Marathon County Board not ready to allow ATV/UTV traffic on certain high traffic rural county highways

The Marathon County Board of Supervisors on Tuesday voted to send back to committee an ordinance that would allow ATV/UTV traffic on rural county highways under 1,500 average daily vehicles.

Marathon County Board of Supervisors voted, 19-13, to refer the ordinance to the county board’s public safety committee or further review. The decision not to approve the ordinance followed Thursday comments by county board chairman Kurt Gibbs, town of Cassel, who said trucking company officials told him allowing ATV/UTVs on busy commercial highways like CTH N would be a safety issue.

Gibbs said he was concerned that large gravel trucks, including those that operate in the towns of Cassel and Marathon, would not be able to slow in time to avoid hitting ATV/ UTVs that might be travelling between 20 and 35 miles per hour, especially at night.
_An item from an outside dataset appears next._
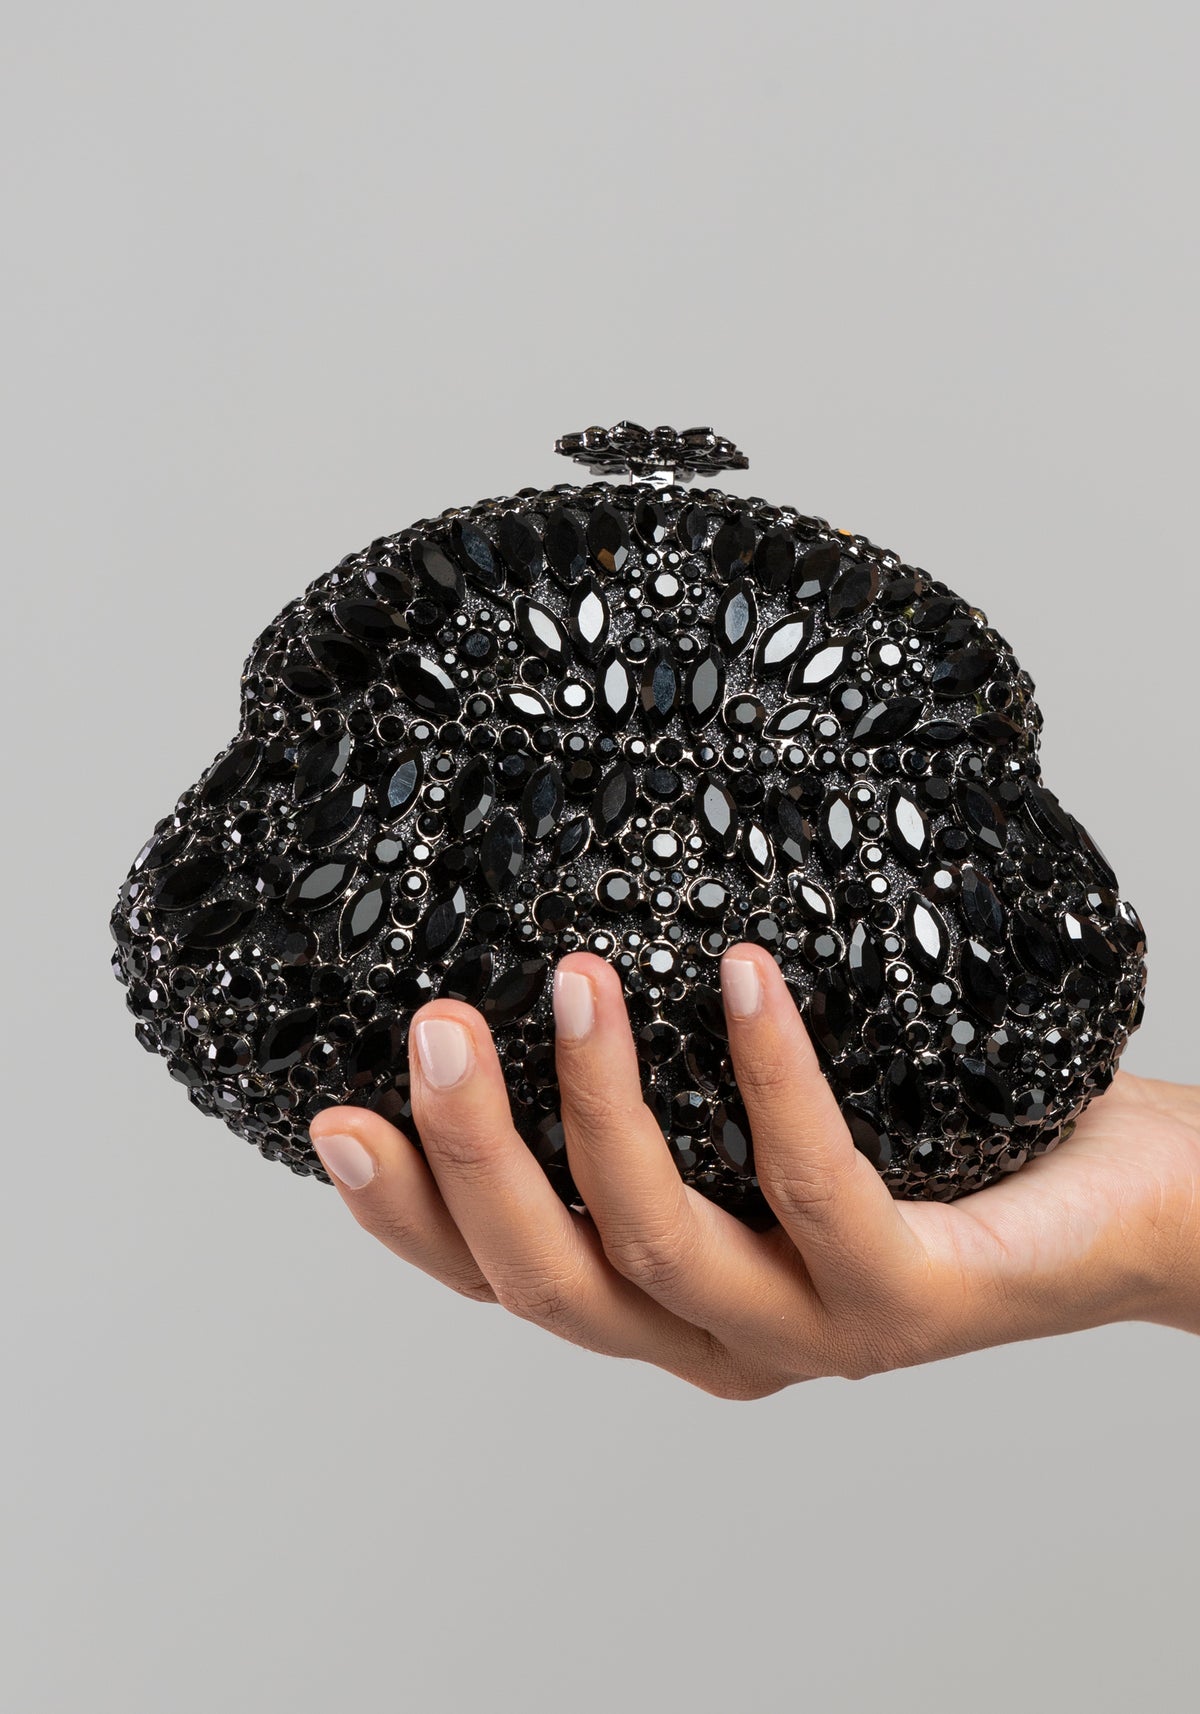 Black gemstone ornate handbag

Gibbs said it is common to slow vehicles ATV/UTVs without using brakes. In that instance, he said, trucks would not be able to see the slower moving ATV/UTVs and there could be an accident.

“We need to seriously look at this,” Gibbs said. He reminded supervisors that the county’s mission statement calls for Marathon County to be the healthiest and safest county in the state.

Supervisor Jean Maszk, Mosinee, said that ATV/UTVs could safely be operated on low volume county roads like CTH X and C, but not on a commercial truck route like CTH N. She called mixing heavy trucks and ATV/UTVs on CTH N “very dangerous.”

She added: “I was a truck driver, so I know what it is like.”

In other board business:

_ Board members passed a resolution authoring Fond du Lac County to sell up to $240 million in bonds to have Bug Tussel Wireless, LLC, Green Bay, upgrade broadband in several Wisconsin counties, including Marathon. The Marathon County project will require up to $25 million.

_ Board members approved a resolution opposing a state mandate that would force counties to use American Rescue Plan Act (ARPA) for housing. Supervisor John Robinson, Wausau, argued that local officials best knew how to use federal dollars, not the state. “I am tired of Madison always telling us what to do,” he said. “It’s time we send a message to Madison.”

Robinson said public input called for spending ARPA dollars on childcare, broadband and housing.

_ In public participation, Kam Yang, a Hmong man from Wausau, gave a dramatic statement where he said he will move his family out of the county because of ongoing racism, including being fired from a local credit union for no reason.

“Marathon County is so racist,” he declared, saying that he was often told on the street to “go back to your own country.”

Yang, an experienced banker with a business degree from UW- Eau Claire, complained to credit union management about credit union customers who said they would not deal with him because he was “an Asian guy.” Soon after, he was terminated without reason. “It turned my world upside down,” he said.

Yang said it was awful that a credit union would not support a minority employee, especially given the history of credit unions which, in their early years, provided loans to immigrants when conventional banks would not.

Yang said he filed a complaint with the state and now is negotiating a settlement with the credit union.

“I will be moving away and take my family,” he said. “I don’t want my children to experience the same racism I experience.”